Venezuelan dictator Nicolás Maduro’s second-in-command, United Socialist Party of Venezuela (PSUV) leader Diosdado Cabello, mused on Monday that his country could engage in a Ukraine-style invasion of Colombia to “de-cocainize” the country.
Maduro has enthusiastically supported Russian leader Vladimir Putin’s decision to launch a full-scale invasion of Ukraine in February, repeating Putin’s claims that efforts to topple the democratically elected government of Ukrainian President Volodymyr Zelensky were made to “de-Nazify” Ukraine. Maduro has also spread misinformation online, sharing videos on social media of scenes from Servant of the People, the comedy show Zelensky starred in before being president, and claiming them to be real images of Zelensky’s political career.
Russian officials have not only addressed alleged Nazi organizations in Ukraine but referred to Zelensky himself as a “neo-Nazi president.” Zelensky has repeatedly refuted Putin’s accusation of ties to Nazism, noting that he is Jewish and lost family in the Holocaust.

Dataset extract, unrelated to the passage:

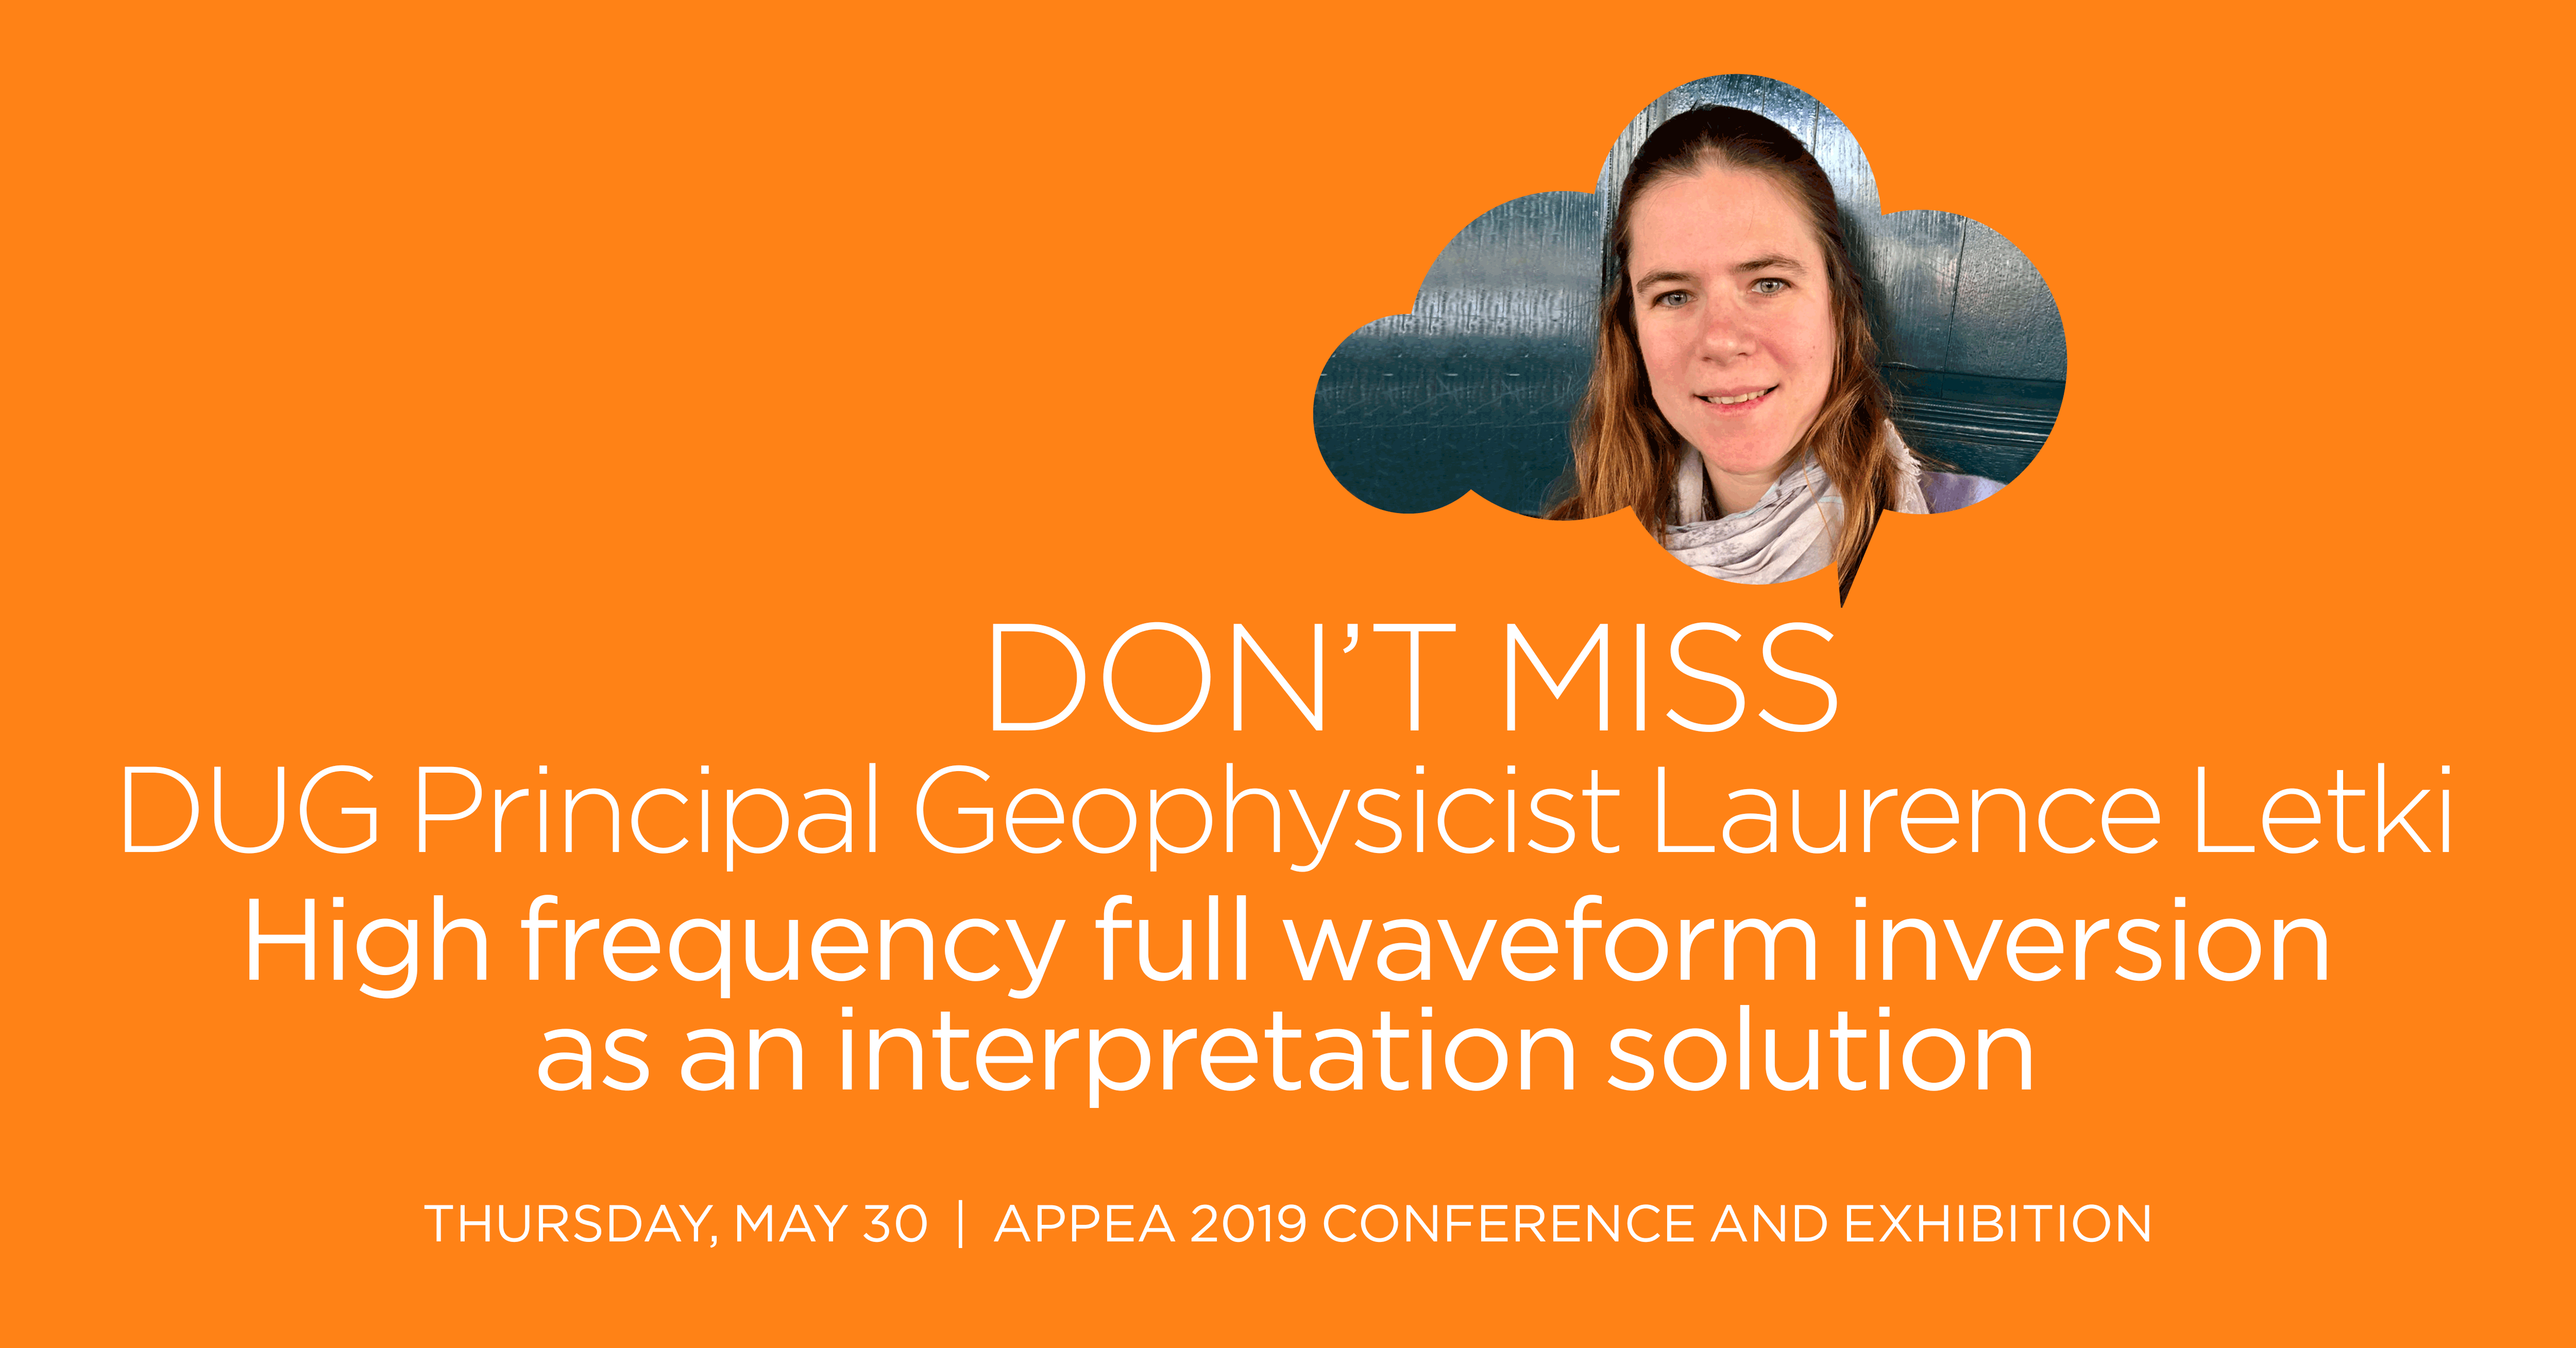 Catch an expert talk from DUG's Principal Geophysicist Laurence Letki at APPEA 2019

Russia is one of Maduro’s closest financial backers, offering billions of dollars in loans and arming his socialist regime with military aid.
In remarks during a televised socialist party meeting on Monday, Cabello applauded Russia for “doing the entire world’s work alone,” suggesting that attacking Ukraine benefits the rest of the planet, and accused international media of falsely “selling [an image of] Russia as an aggressor, when in reality the aggrieved [party] is Russia.”
“Russia will have to do away with Nazism in the world twice,” Cabello claimed, referring to the Soviet Union’s participation in World War II and taking Russia’s accusations against Zelensky at face value.
In this context, Cabello turned to Colombia, a neighboring country with a long history of illegal cocaine trafficking that Maduro has been accused of enabling. The U.S. Department of Justice charged Maduro himself in 2020 with “running, together with his top lieutenants, a narco-terrorism partnership” with Colombian drug lords.
“Over there [Ukraine] they found themselves with Russia, which responded to them,” Cabello said. “That is NATO, that is what they call the global order, but a new world order will arise from this, from what is happening in Ukraine.”
“I’m not an expert on the matter, but the more time passes, it is worse for the Ukrainian Nazis because the de-Nazification will be from the root,” he concluded. “Someone said, why not take the opportunity and de-cocainize Colombia to see what’s left?”
Cabello made the remark flippantly, not elaborating on who the “someone” suggesting what he appeared to describe as an invasion is or what “de-cocainization” would look like.
Cabello’s comments were particularly notable given that extensive evidence compiled over the past decade suggests that he is one of the Western Hemisphere’s most prolific cocaine traffickers. In addition to being a longtime PSUV leader and Maduro henchman holding various titles since Maduro took over for late socialist dictator Hugo Chávez in 2013, Cabello has been credibly accused of engaging in multinational drug trafficking. Reports have mounted for years claiming Cabello is the head of the “Cartel de los Soles,” an international cocaine trafficking organization run through the Venezuelan military. Sen. Marco Rubio (R-FL) has referred to Cabello as the “Pablo Escobar of Venezuela.”
Two of Maduro’s nephews were arrested in 2016 on charges of trying to traffic cocaine into New York; the men allegedly told police that they cocaine in their position belonged to Cabello.
Cabello sued the Wall Street Journal for defamation over the accusations in 2018 but lost the lawsuit on the grounds that he could not prove the elements of defamation – namely, that the accusations were false and that they were made maliciously.
The government of Colombia, under current conservative President Iván Duque, has repeatedly condemned the Maduro regime and referred to it as a national security threat for Colombia. The Maduro regime has ties to arguably the deadliest terrorist organization in Colombian history, the communist Revolutionary Armed Forces of Colombia (FARC), which Hugo Chávez welcomed to operate in Venezuela.
“The Venezuelan dictatorship is one more link in the chain of transnational terrorism. Its corrupt structures are the handmaidens of drug cartels,” Duque told the United Nations General Assembly in 2019. “Its followers are adherents of a mafia and fuel the violence in Colombia. The dictatorship gives refuge to murderers and child rapists – and those who ignore these facts are, by their silence, accomplices of the dictatorship.”
Colombia has also expressed concerns with Russia supplying Maduro with weapons the socialist Venezuelan regime could later use to attack Colombia; Moscow reportedly asserted last month that any military aid to Maduro would not serve that purpose.
Duque expressed dismay this month after reports surfaced that President Joe Biden may be seeking to purchase oil from Maduro to offset losses from sanctioning Russia for its invasion of Ukraine. Maduro confirmed during a nationally televised appearance that Biden had sent a delegation to Caracas for “positive” discussions, but did not disclose the content of the talks.
“This is a topic that the United States will have to reflect about,” Duque said in early March. “The United States has had a position about this we have shared, which is to call things by their name. And that government is a dictatorship.”